*Assigned task*:
Write out each line of the listing as it stands, without the images.

*Data excerpt*:
━━━━

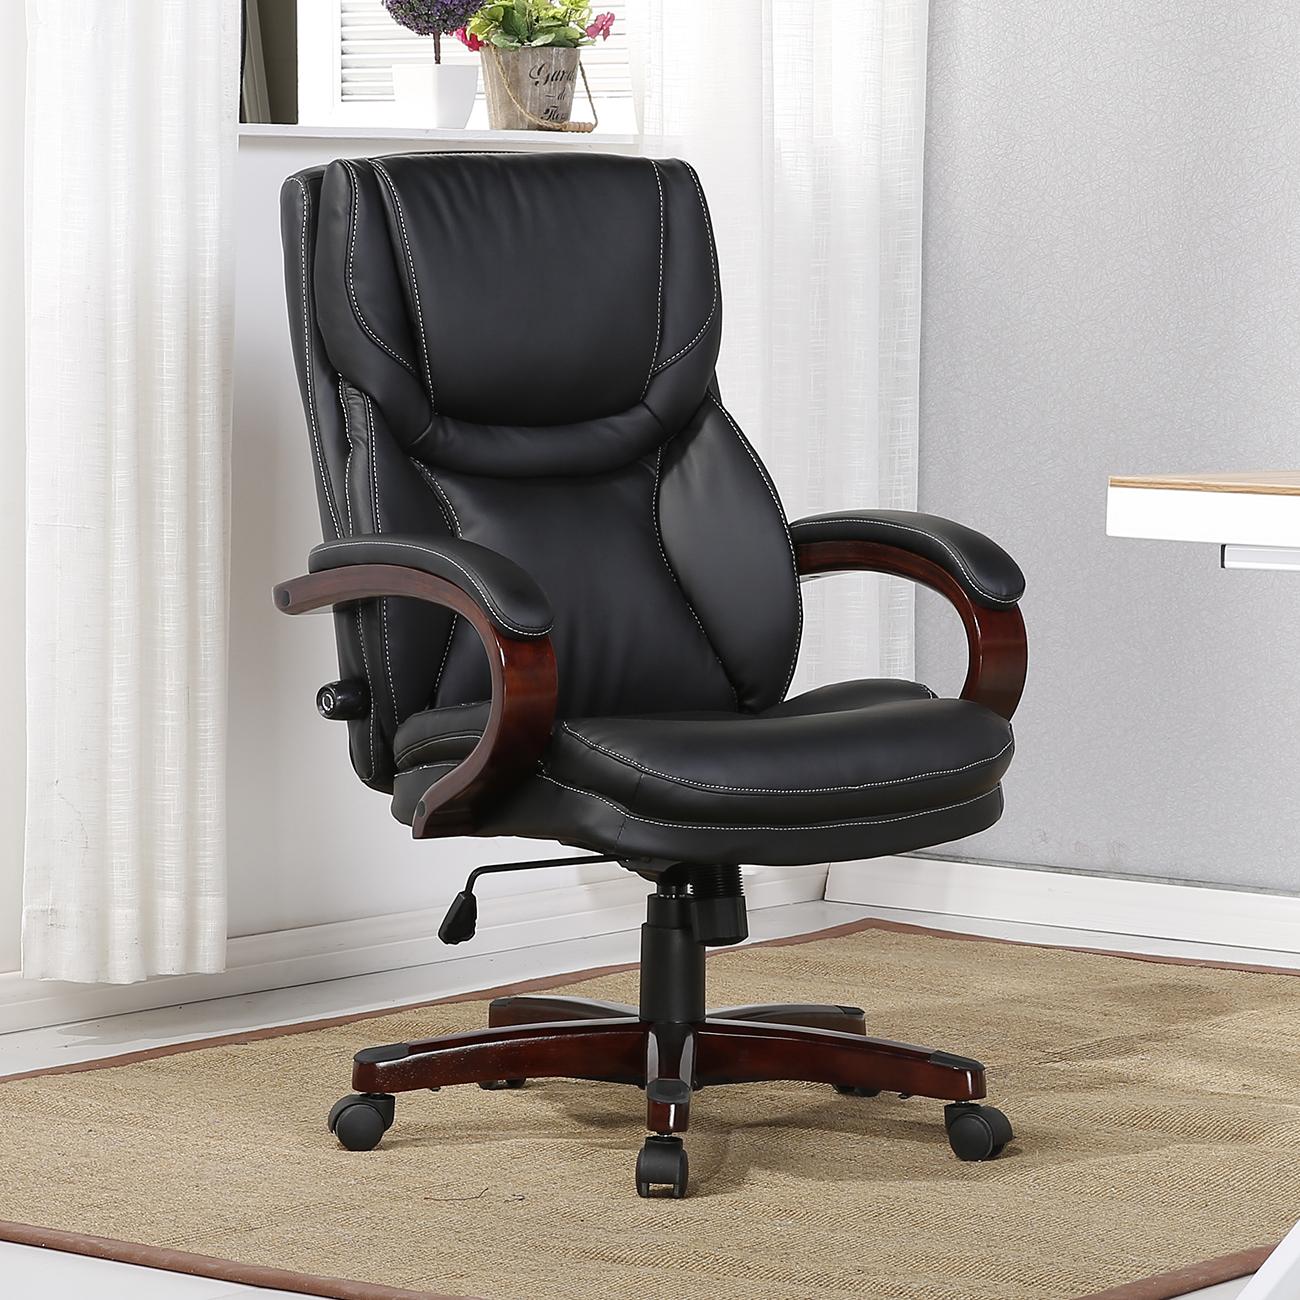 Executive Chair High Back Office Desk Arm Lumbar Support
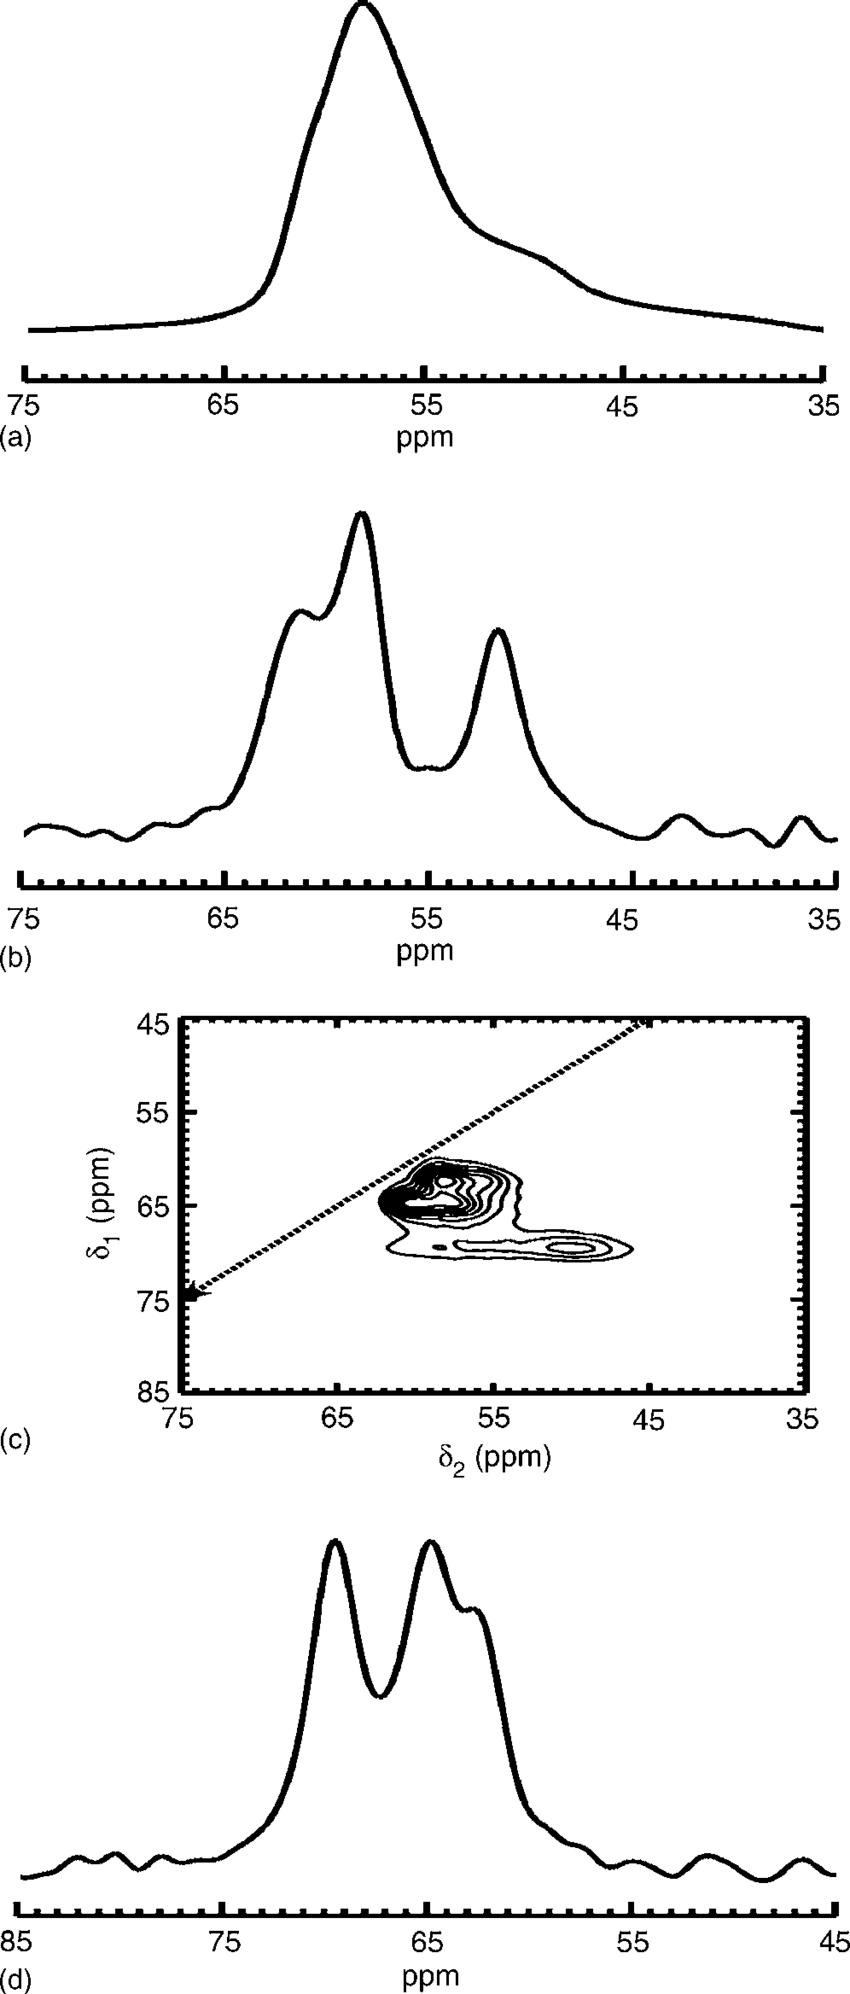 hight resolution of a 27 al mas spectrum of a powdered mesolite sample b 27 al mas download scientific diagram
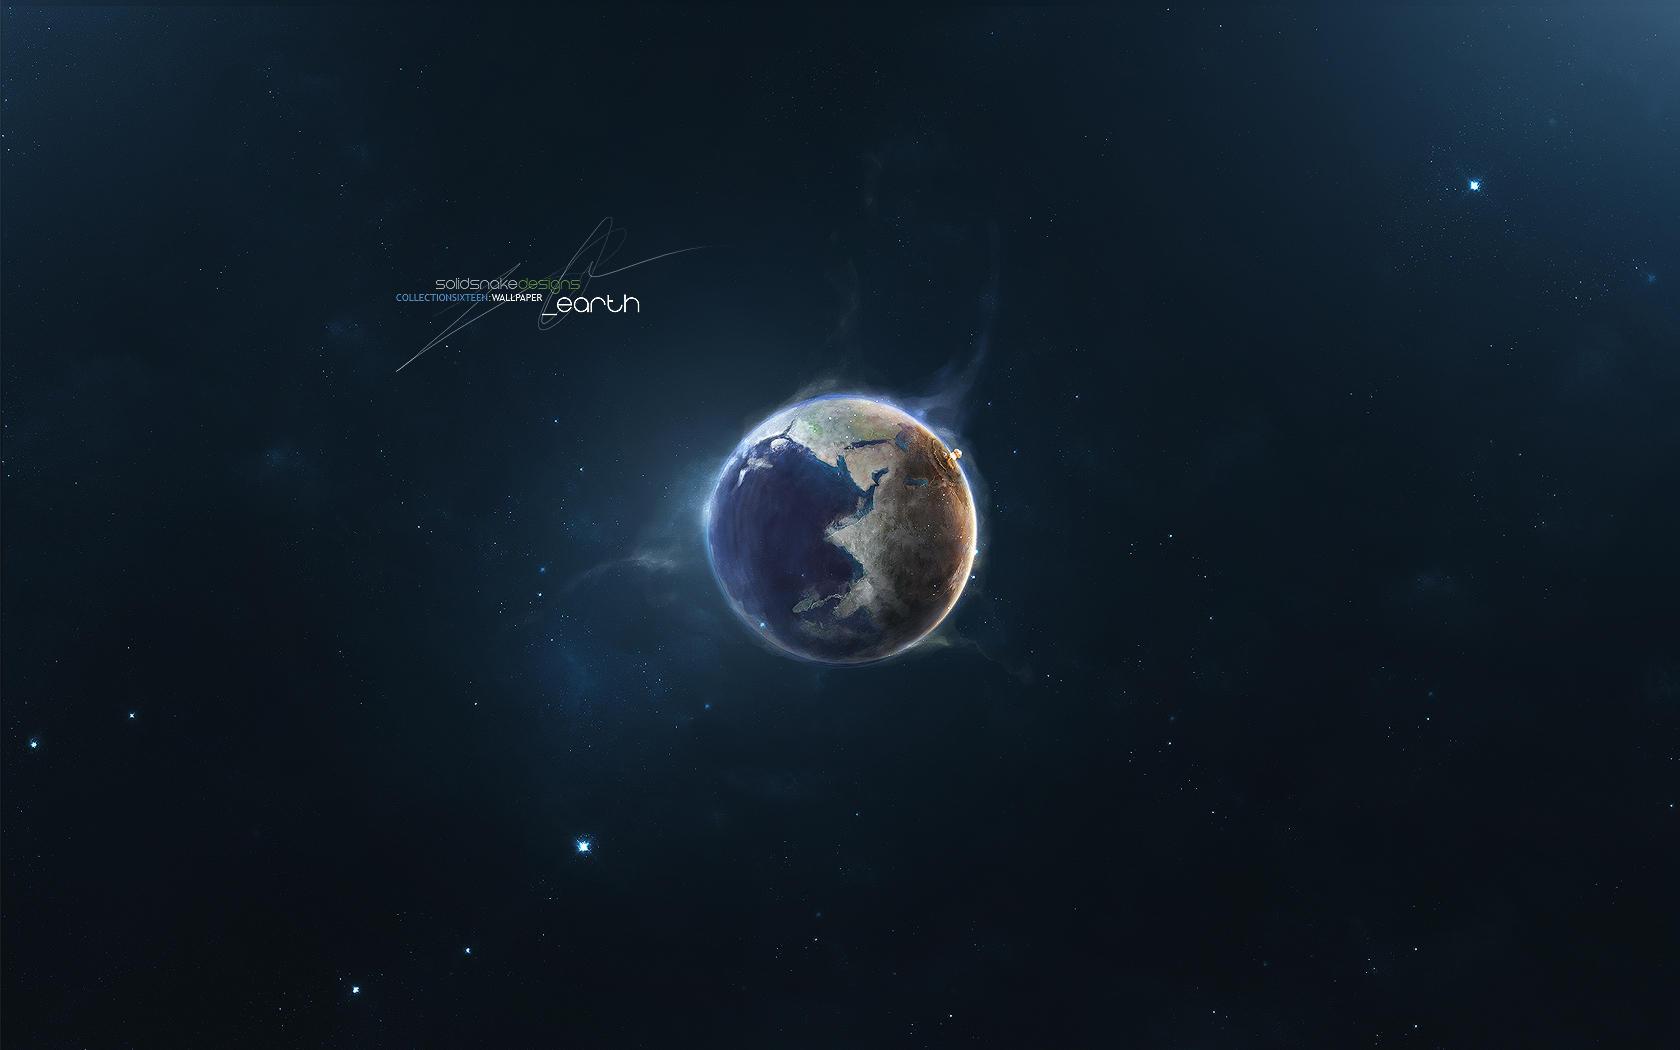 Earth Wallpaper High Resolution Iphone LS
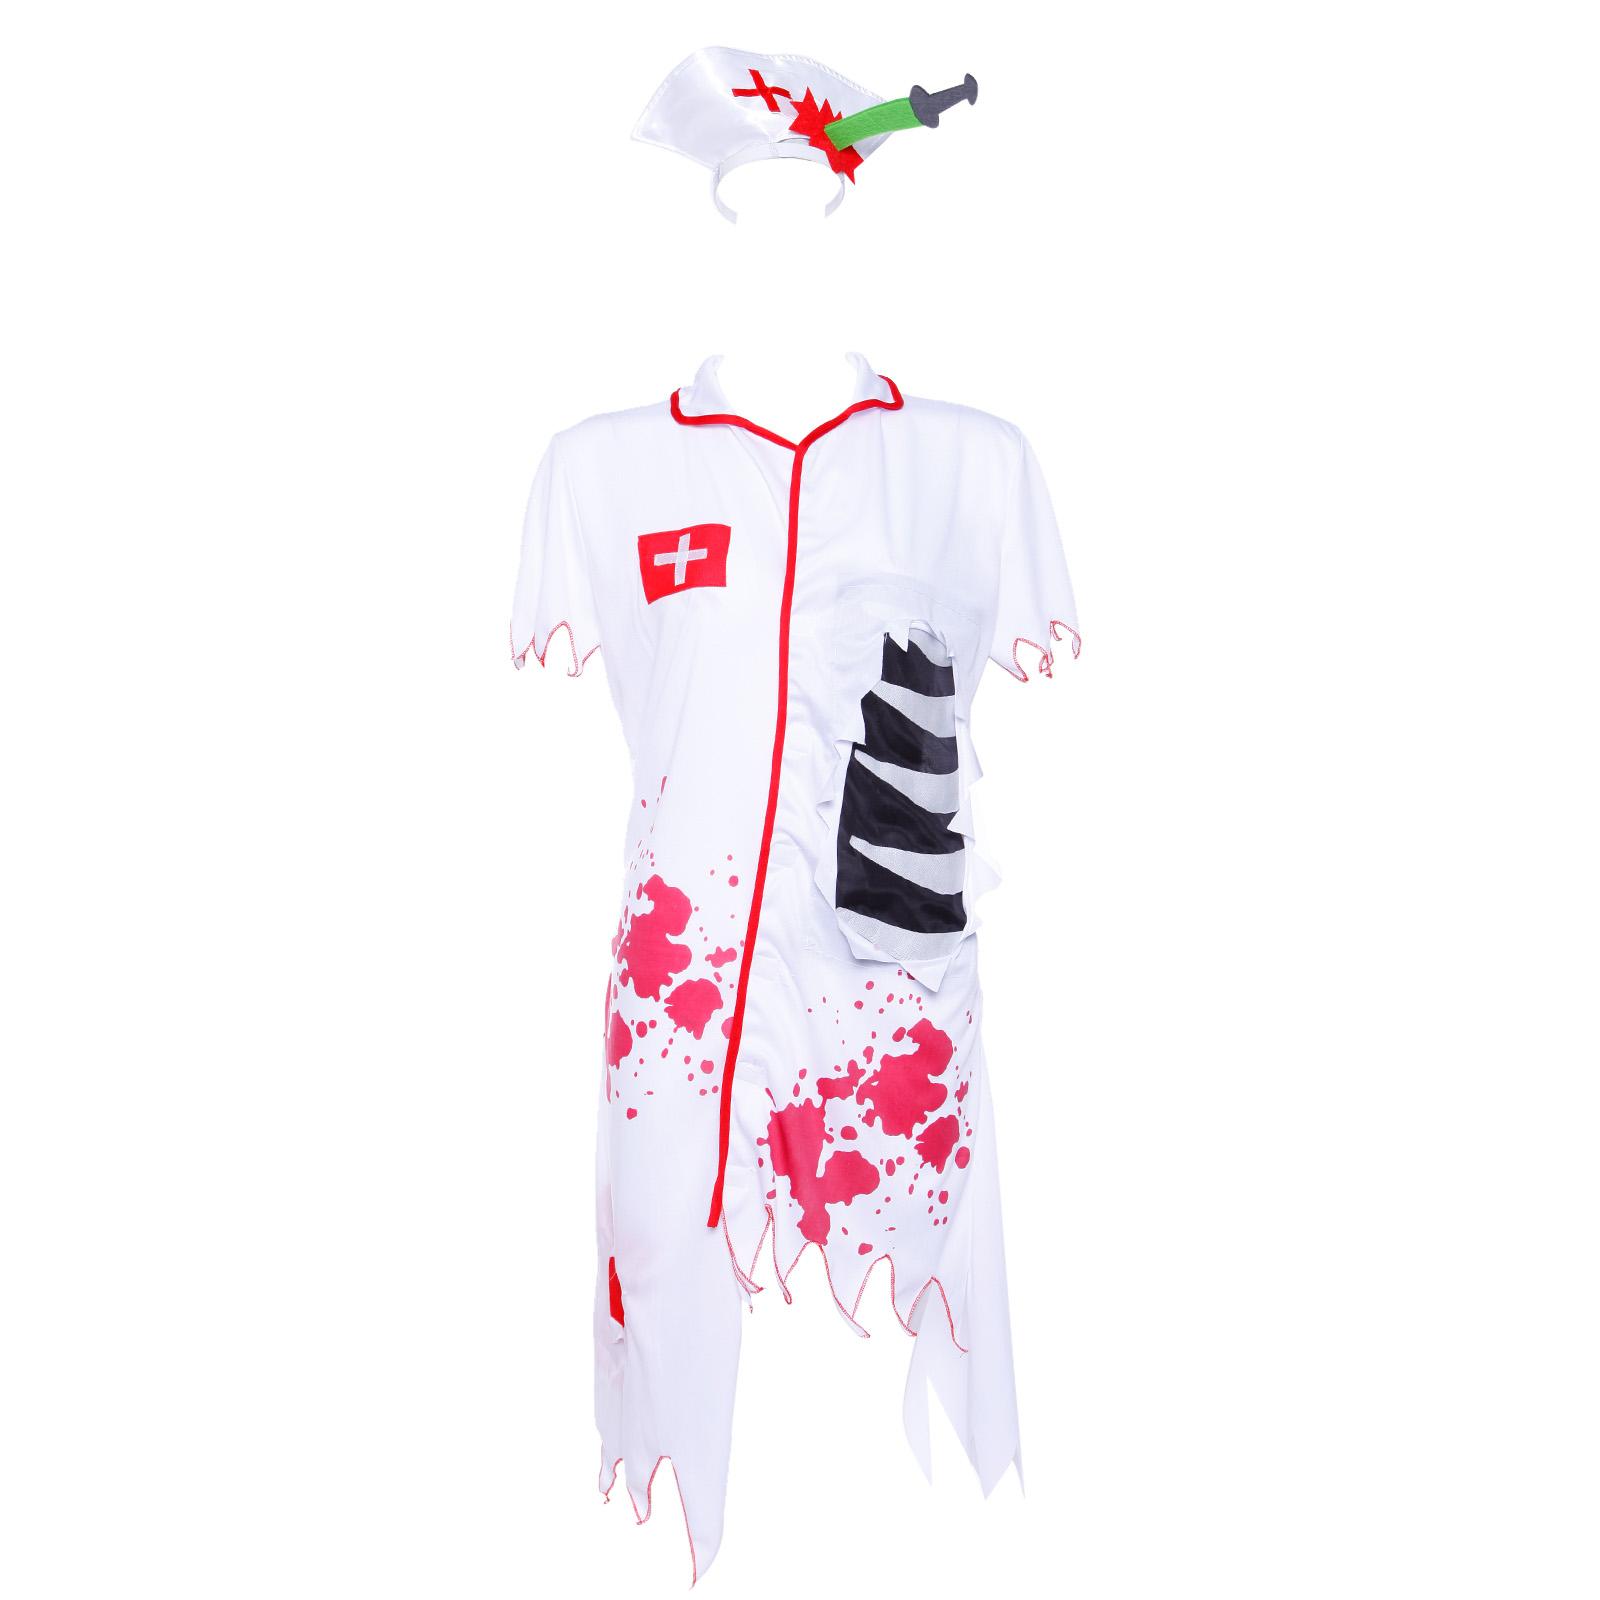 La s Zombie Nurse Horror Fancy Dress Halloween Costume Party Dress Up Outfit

━━━━

*Solution to this task*:
 Executive Chair High Back Office Desk Arm Lumbar Support
 hight resolution of a 27 al mas spectrum of a powdered mesolite sample b 27 al mas download scientific diagram
 Earth Wallpaper High Resolution Iphone LS
 La s Zombie Nurse Horror Fancy Dress Halloween Costume Party Dress Up Outfit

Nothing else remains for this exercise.